# Task prompt
Exact copies of the lines below, from the one with "Large Picture of" up to and including the one with "Epic Seven BlueStacks ile PC Kurulum Rehberi", are what this calls for; leave out pictures.

┌─ Given records

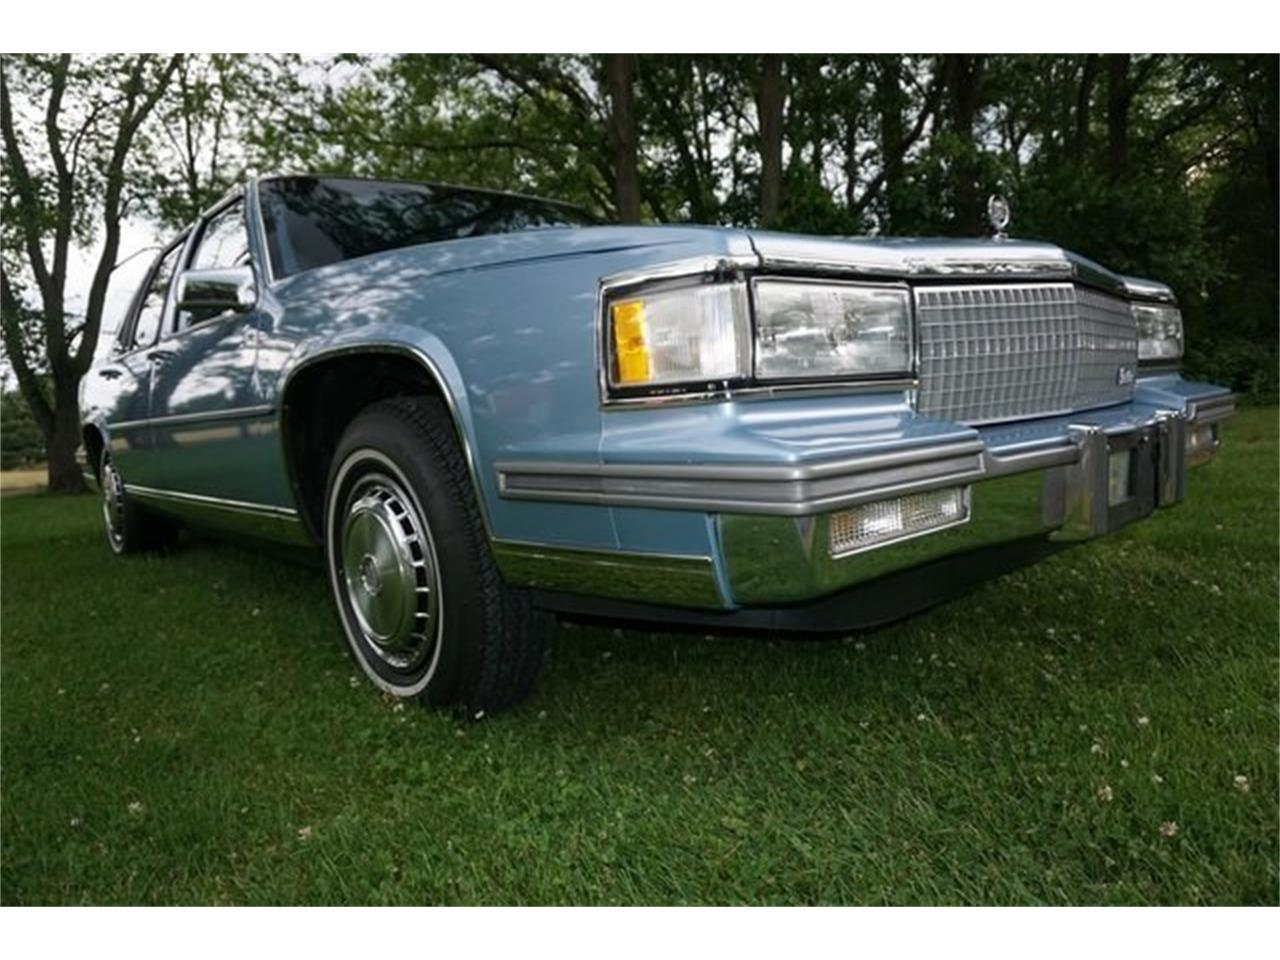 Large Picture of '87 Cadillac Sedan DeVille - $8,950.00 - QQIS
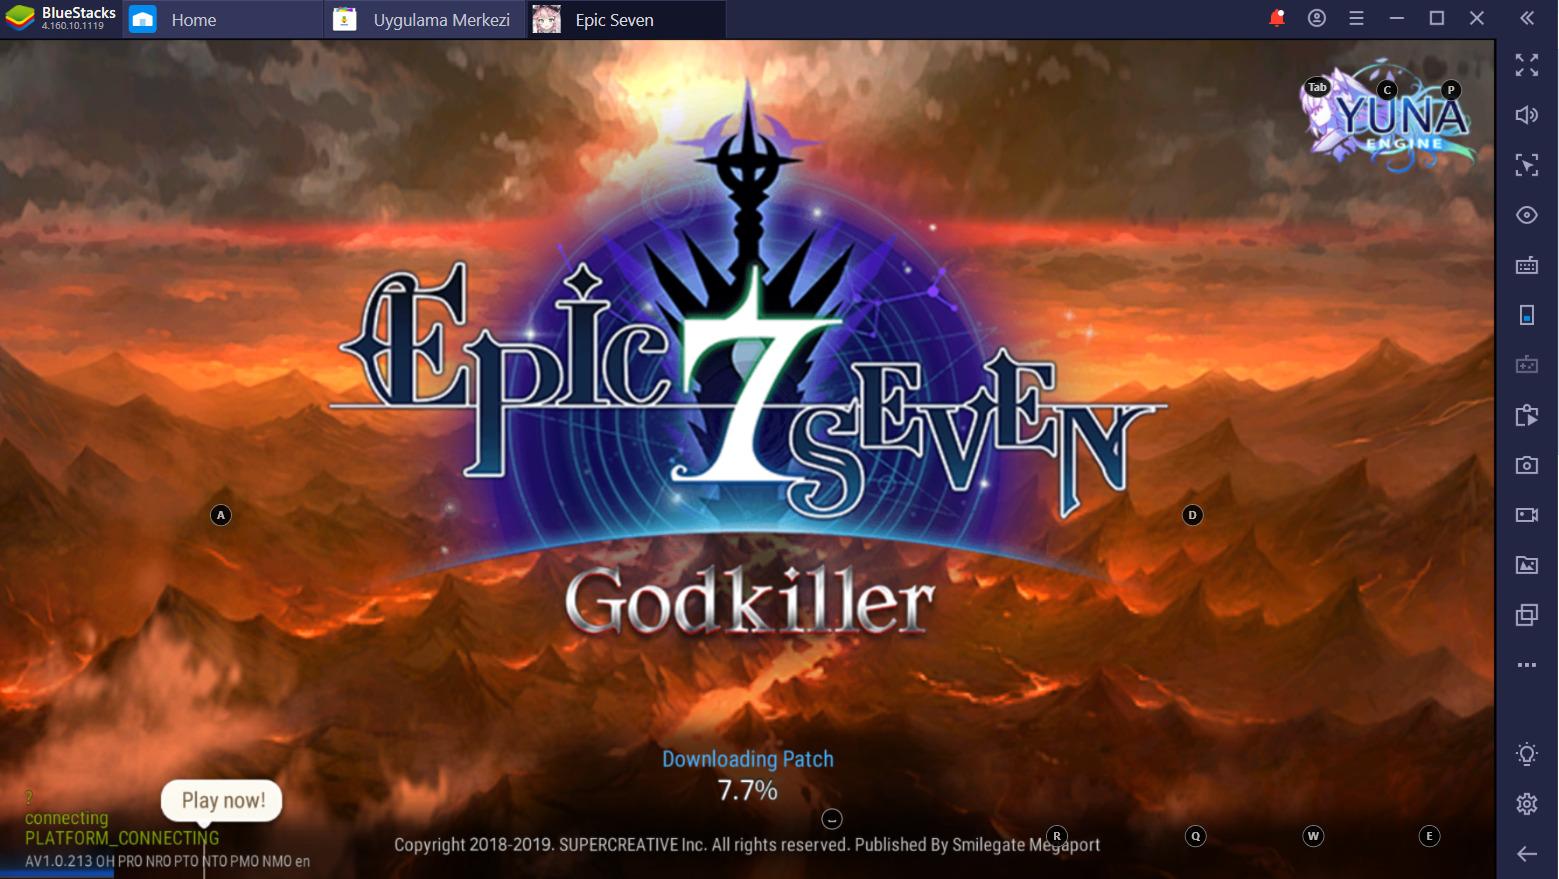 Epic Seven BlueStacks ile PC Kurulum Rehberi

└─
┌─ Given records

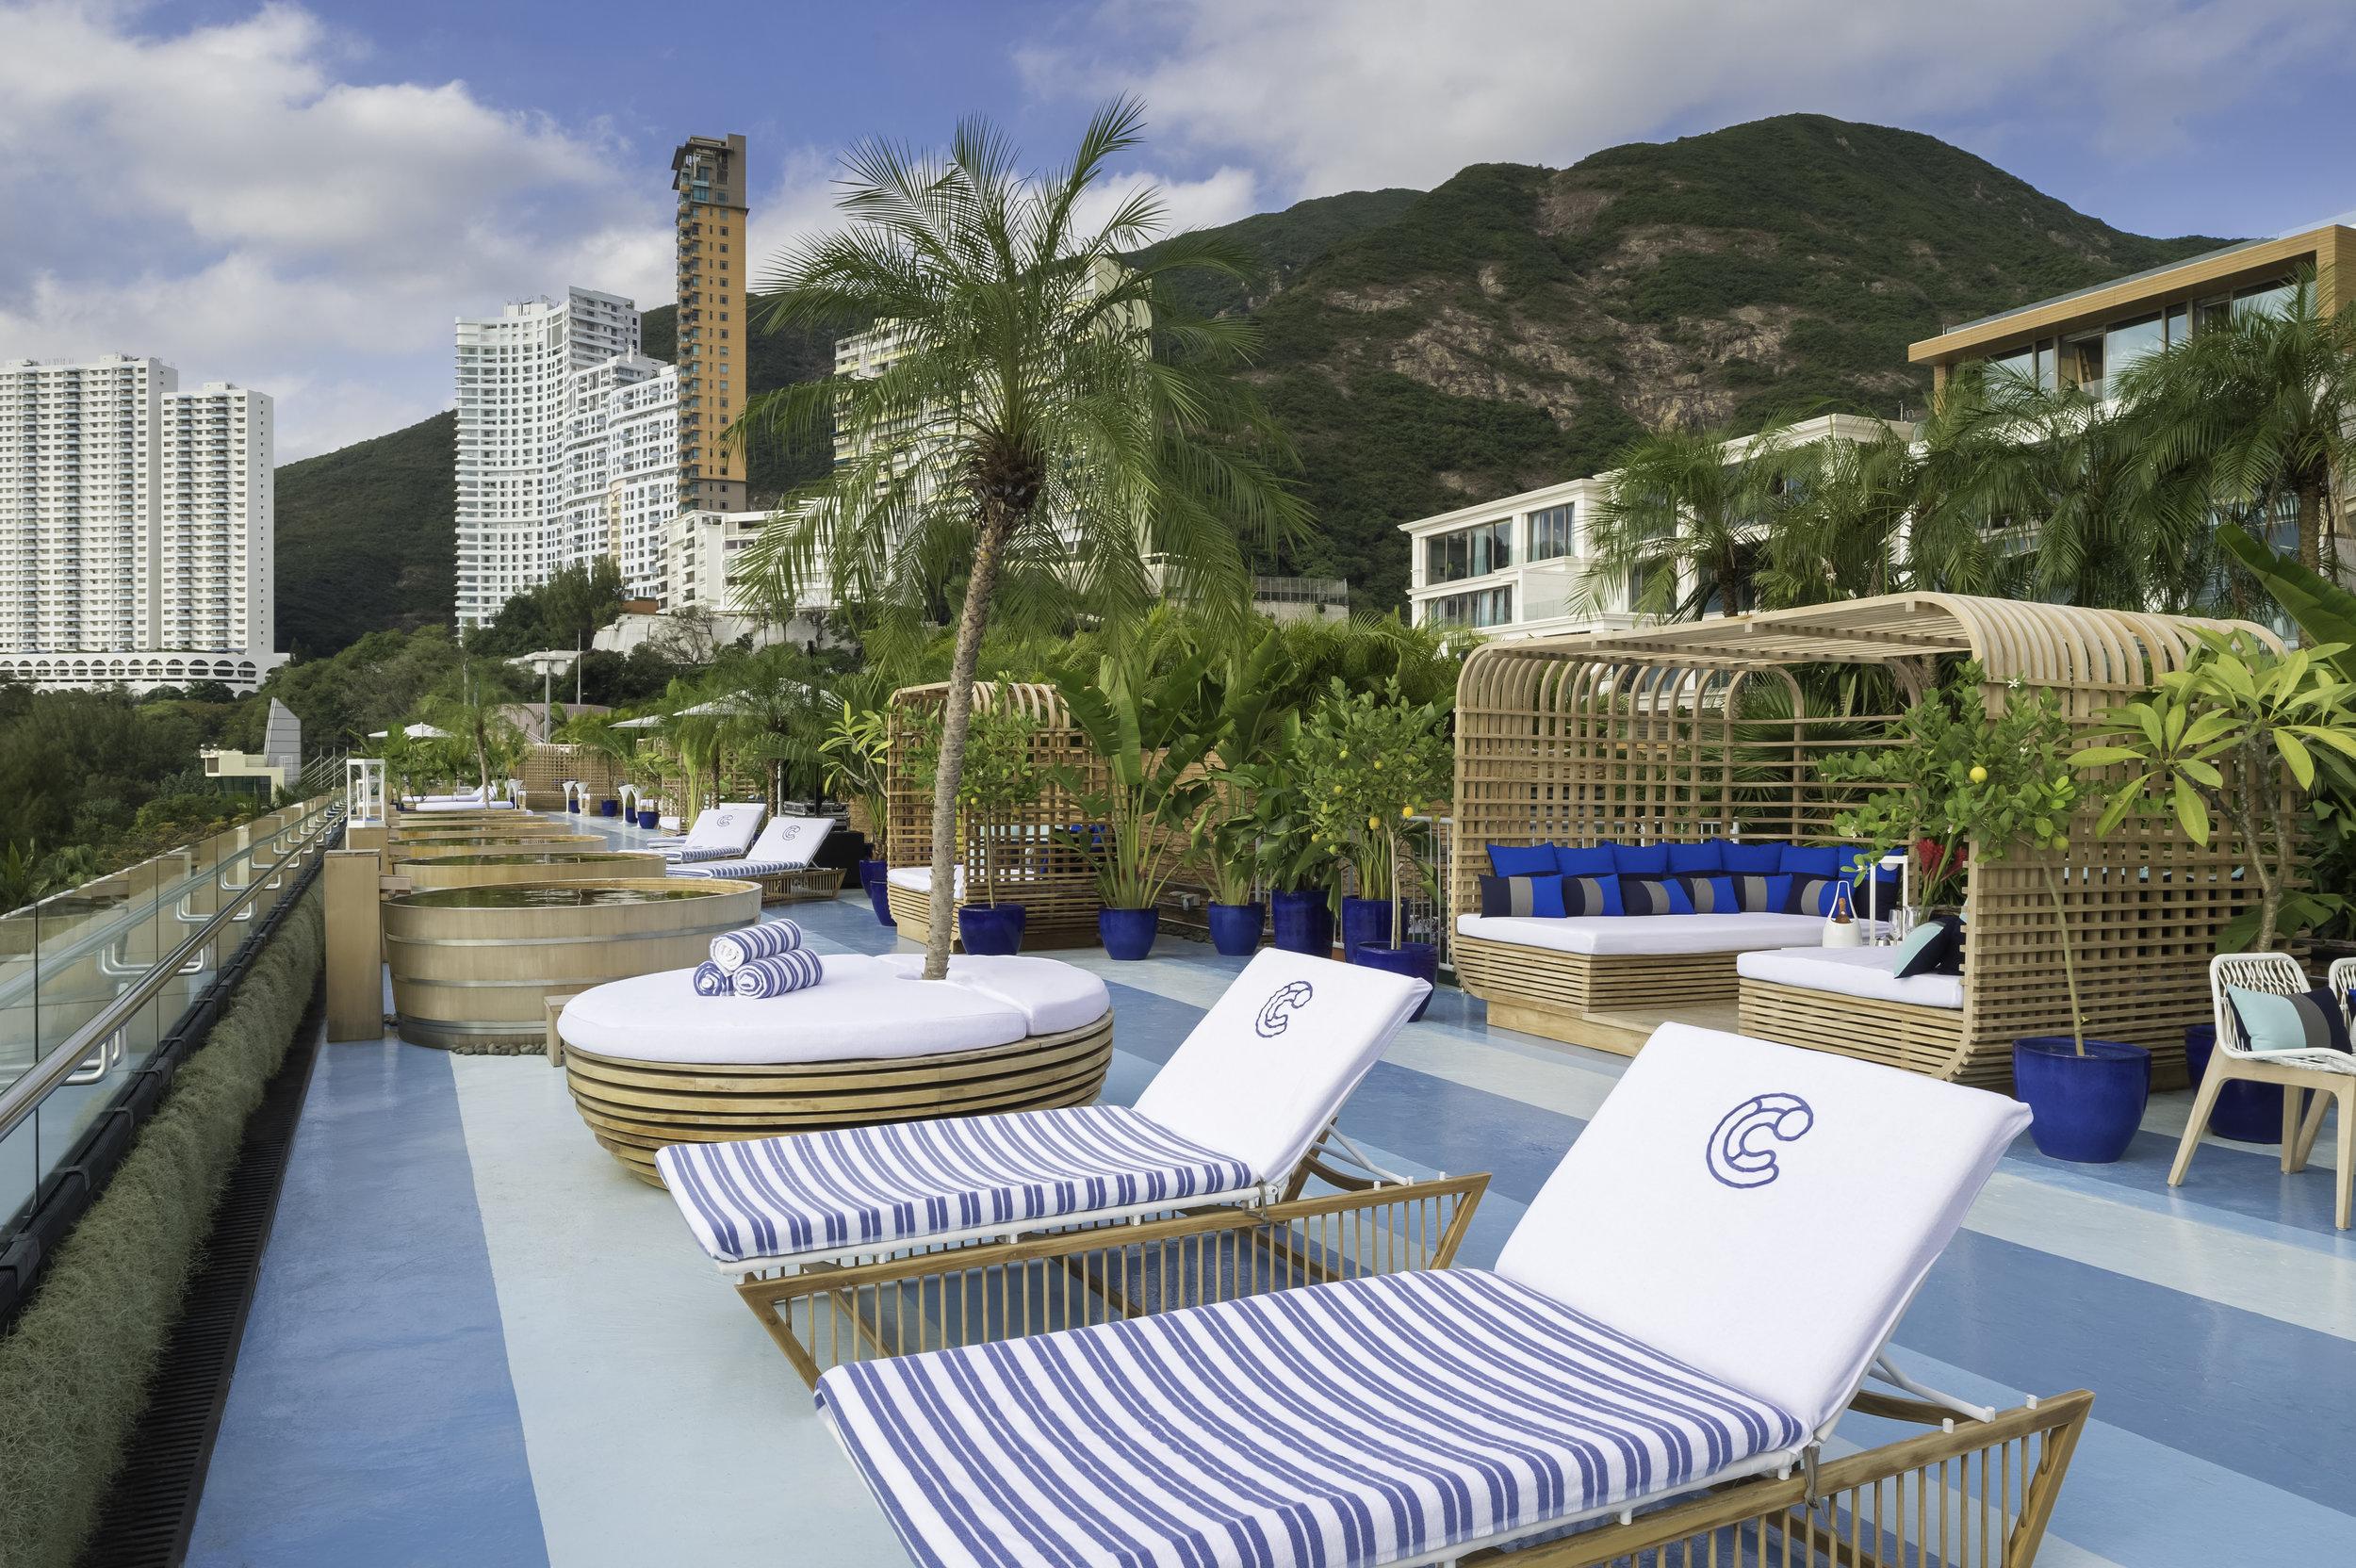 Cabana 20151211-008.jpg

└─
┌─ Given records

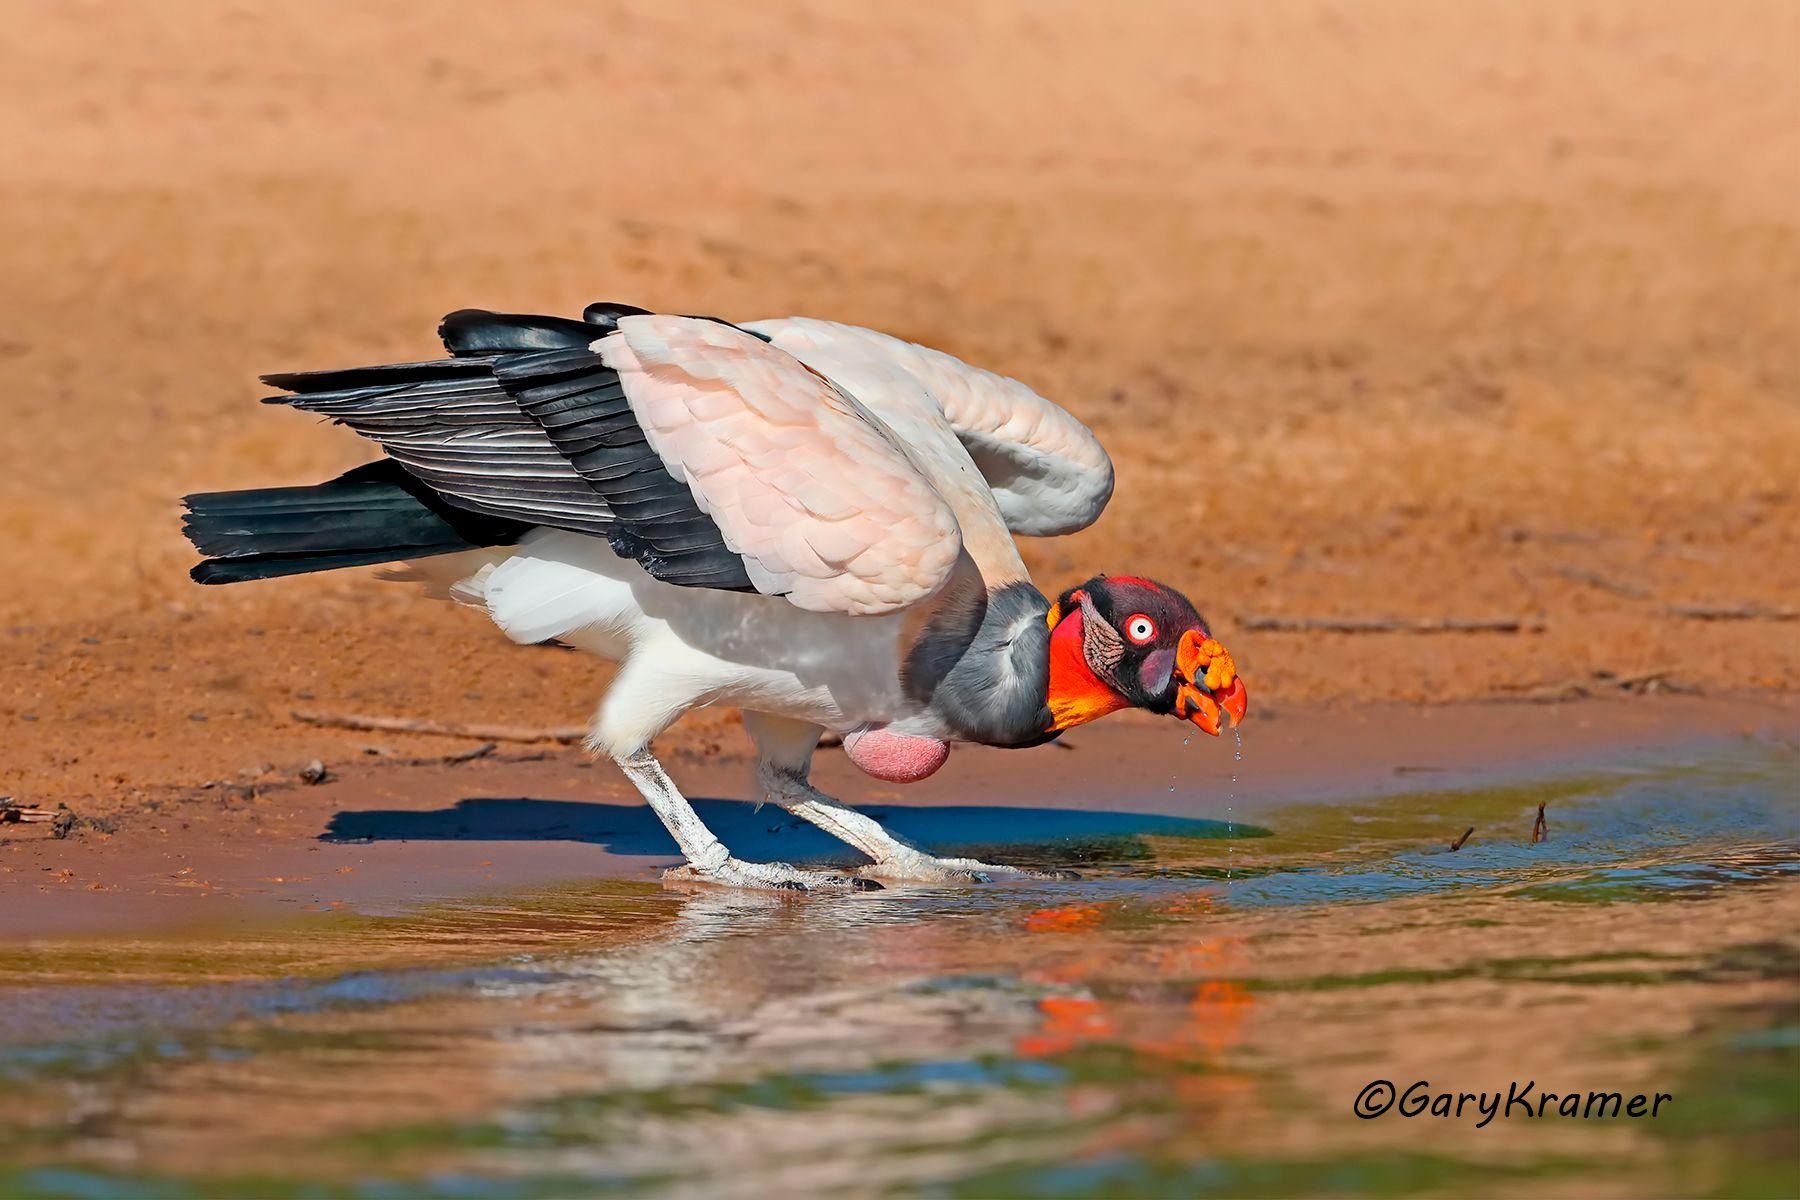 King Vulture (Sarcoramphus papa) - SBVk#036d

└─

# Response
 Large Picture of '87 Cadillac Sedan DeVille - $8,950.00 - QQIS
 Epic Seven BlueStacks ile PC Kurulum Rehberi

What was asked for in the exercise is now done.